Arzneimittelfälschungen

Grünes Licht für Securpharm-Pilotprojekt

Düsseldorf - 07.10.2011, 10:33 Uhr


Arzneimittelpackungen sollen in Europa noch sicherer werden. Ein gemeinsames Projekt von Pharma- und Großhandelsverbänden sowie der Apotheker will das Einschleusen von Arzneifälschungen in die Apotheken verhindern.

Das gemeinsam mit dem Bundesverband der Arzneimittelhersteller, dem Bundesverband der Pharmazeutischen Industrie, dem Verband ProGenerika, dem Verband der Forschenden Arzneimittelhersteller und dem Großhandelsverband Phagro entwickelte SecurPharm-Projekt dient dazu, Arzneimittel auf Basis individueller, randomisierter Seriennummern zu verifizieren. Bei der Arzneimittelabgabe soll die Arzneimittelpackung in der Apotheke über einen gescannten Code mit dem in einer Datenbank hinterlegten Code abgeglichen werden. Die Hauptversammlung der deutschen Apothekerinnen und Apotheker gab nun grünes Licht, auf eine deutschlandweite Umsetzung nach der Pilotphase hinzuarbeiten. In Richtung EU-Kommission erhob der Apothekertag die Forderung, die dazugehörige Richtlinie (2011/62/EU) so auszugestalten, dass sie kompatibel zu nationalen Authentifizierungssystemen wie SecurPharm ist und deren Betrieb nicht beeinträchtigt.

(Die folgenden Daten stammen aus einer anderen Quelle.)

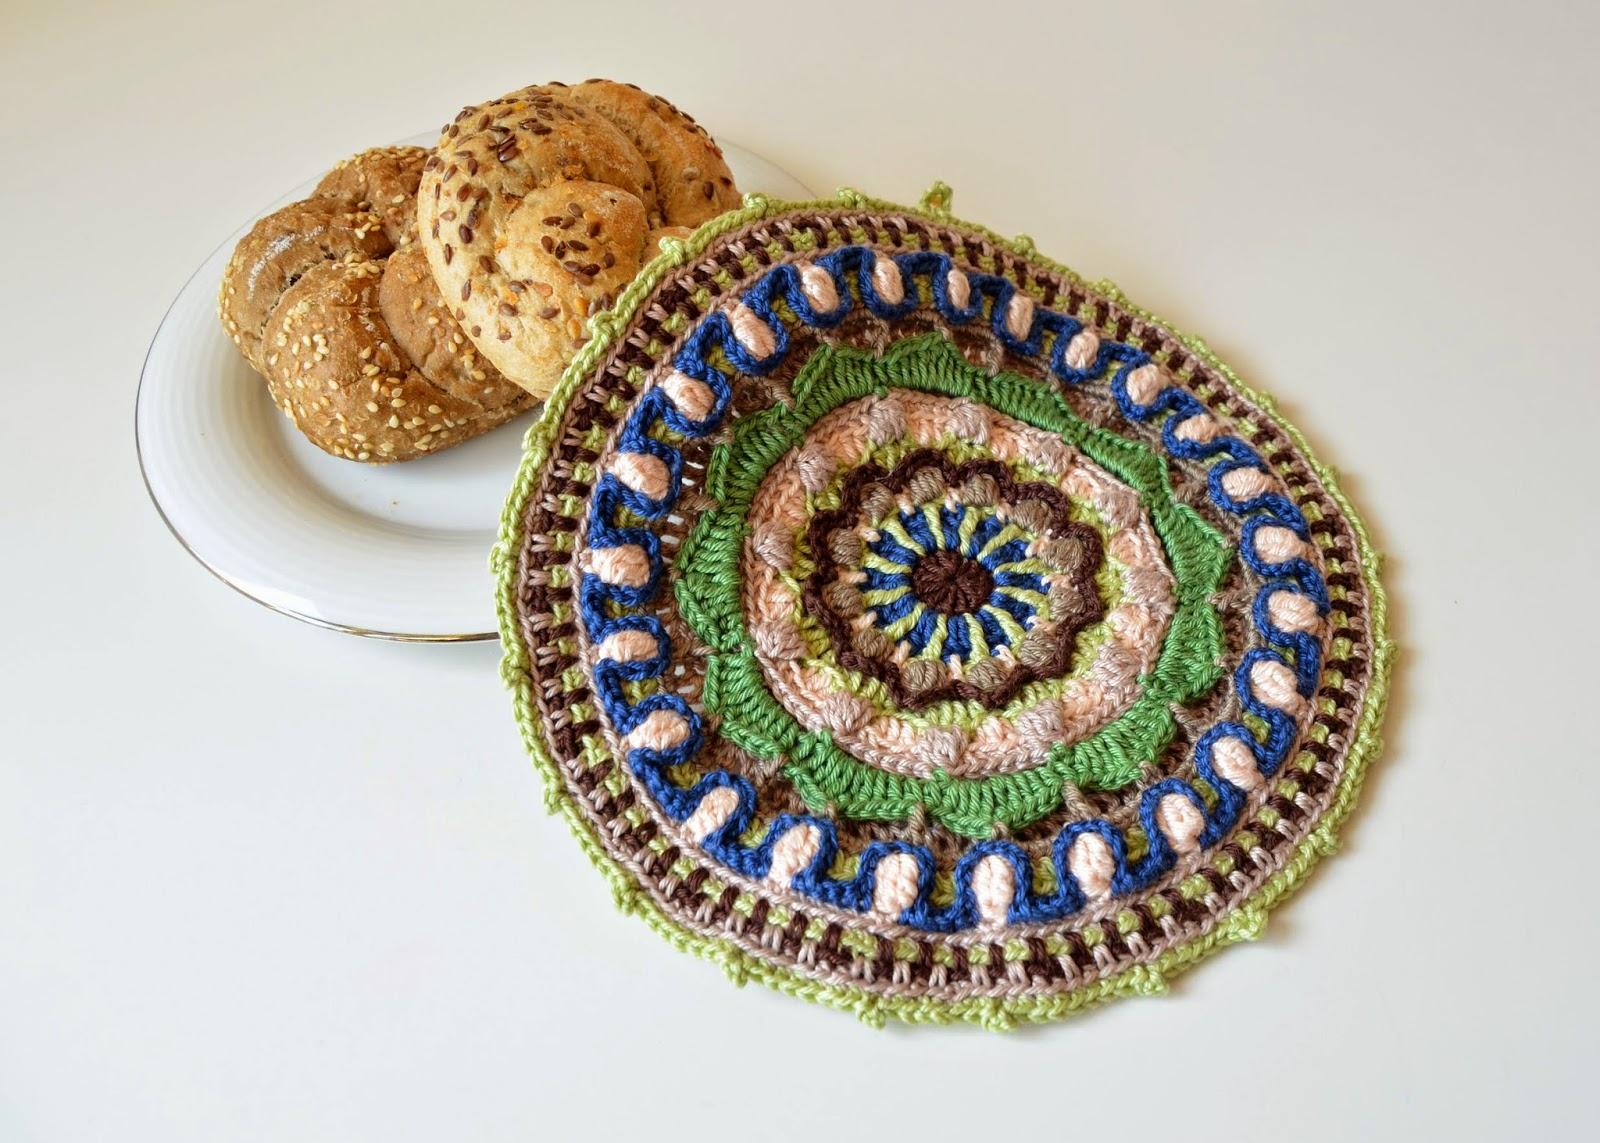 Crochet Patterns For Mandala Yarn : Crochet for Meditation: Colouring Mandala with Yarn ...

Wie in der Diskussion auf dem Apothekertag deutlich wurde, soll die Pilotphase auch zeigen, wie lange der Abgabevorgang in der Apotheke mit der Authentifzierung der Arzneimittelpackungen in Anspruch nehmen wird: Scannen der Arzneimittelpackung, Übermittlung des Codes via Internet an die Datenbank und Rückbestätigung des Codes an die Apotheke. Hier wurden Bedenken geäußert, dass dieser Vorgang möglicherweise zu lange Zeit in Anspruch nehmen könnte. Voraussetzung ist ein schnelles Internet, auch in ländlichen Regionen.

Auf Apotheken werden Kosten zwischen 1000 und 1500 Euro zukommen für einen passenden Scanner, die Software und schnelle Internetverbindung. Der Pilotversuch ist für 2013 vorgesehen für die Dauer von drei Monaten. Deutschlandweit soll das Projekt bis spätestens 2016 eingeführt werden.